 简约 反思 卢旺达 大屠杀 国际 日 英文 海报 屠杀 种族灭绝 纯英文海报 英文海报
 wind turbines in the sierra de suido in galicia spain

===

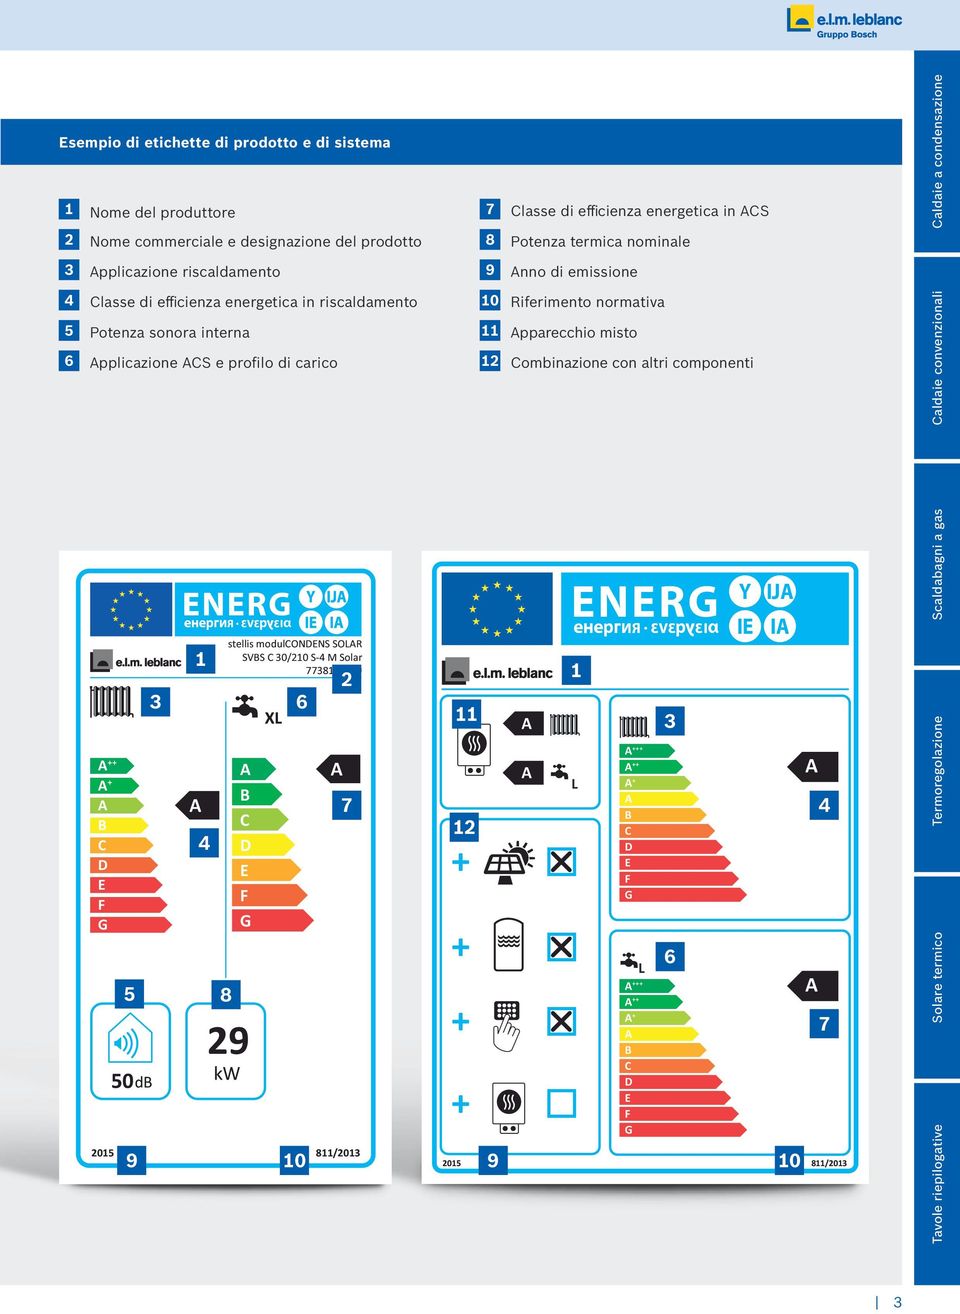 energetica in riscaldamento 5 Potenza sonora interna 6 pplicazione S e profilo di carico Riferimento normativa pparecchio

===

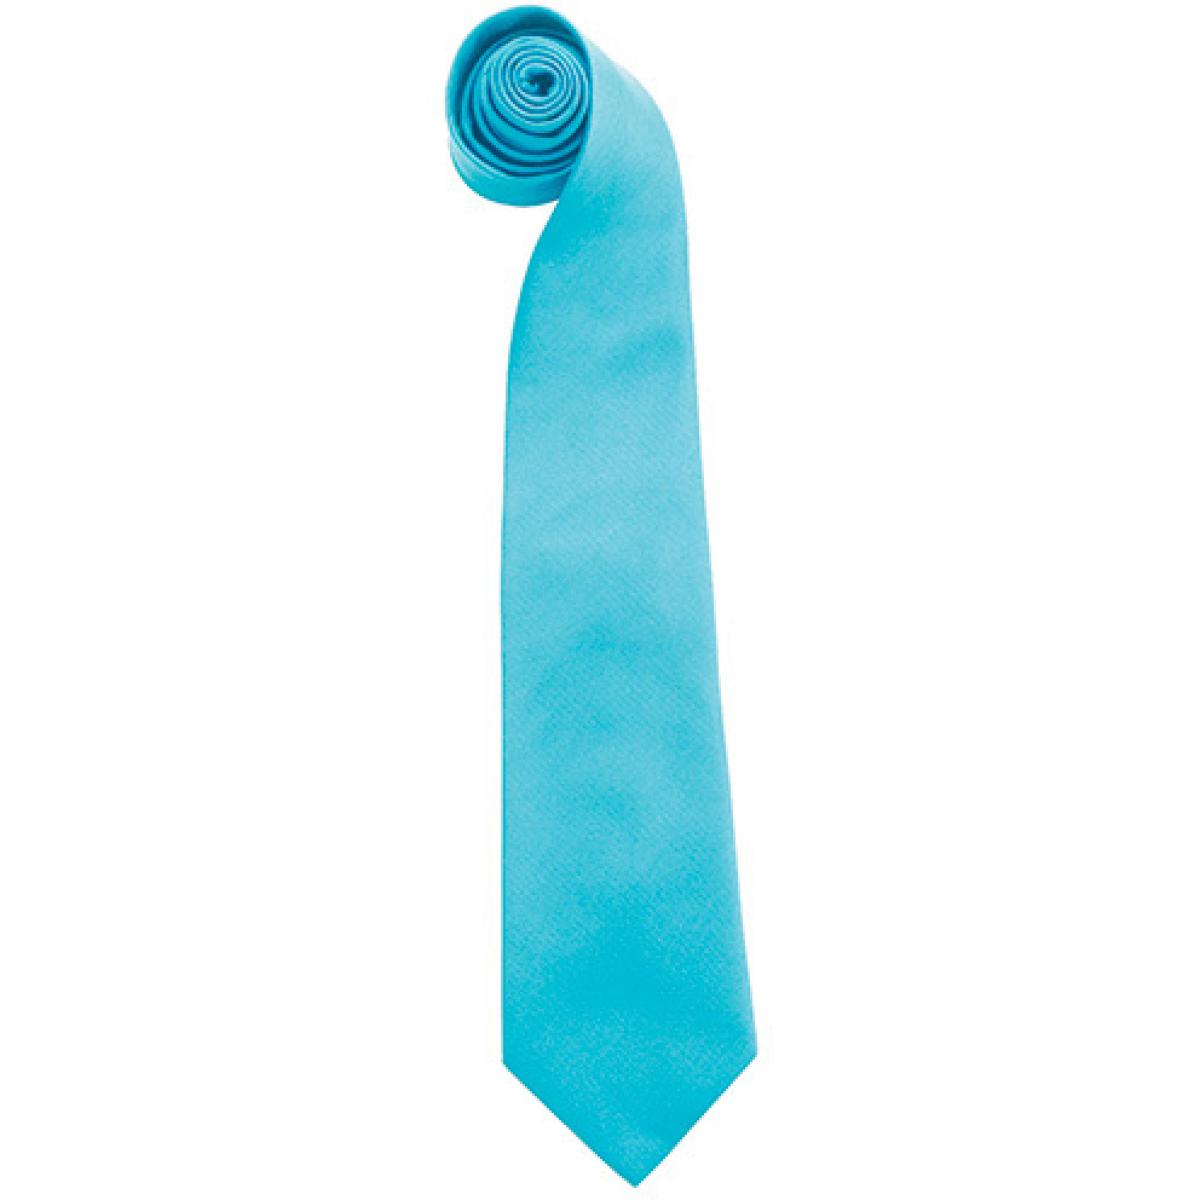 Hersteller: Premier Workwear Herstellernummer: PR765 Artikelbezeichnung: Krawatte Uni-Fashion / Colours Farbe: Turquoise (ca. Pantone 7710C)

===

Return a word-for-word copy of the lines above from the one holding "简约 反思 卢旺达 大屠杀 国际 日 英文 海报 屠杀 种族灭绝 纯英文海报 英文海报" through the one holding "wind turbines in", with both of them included and nothing besides.

 简约 反思 卢旺达 大屠杀 国际 日 英文 海报 屠杀 种族灭绝 纯英文海报 英文海报
 wind turbines in the sierra de suido in galicia spain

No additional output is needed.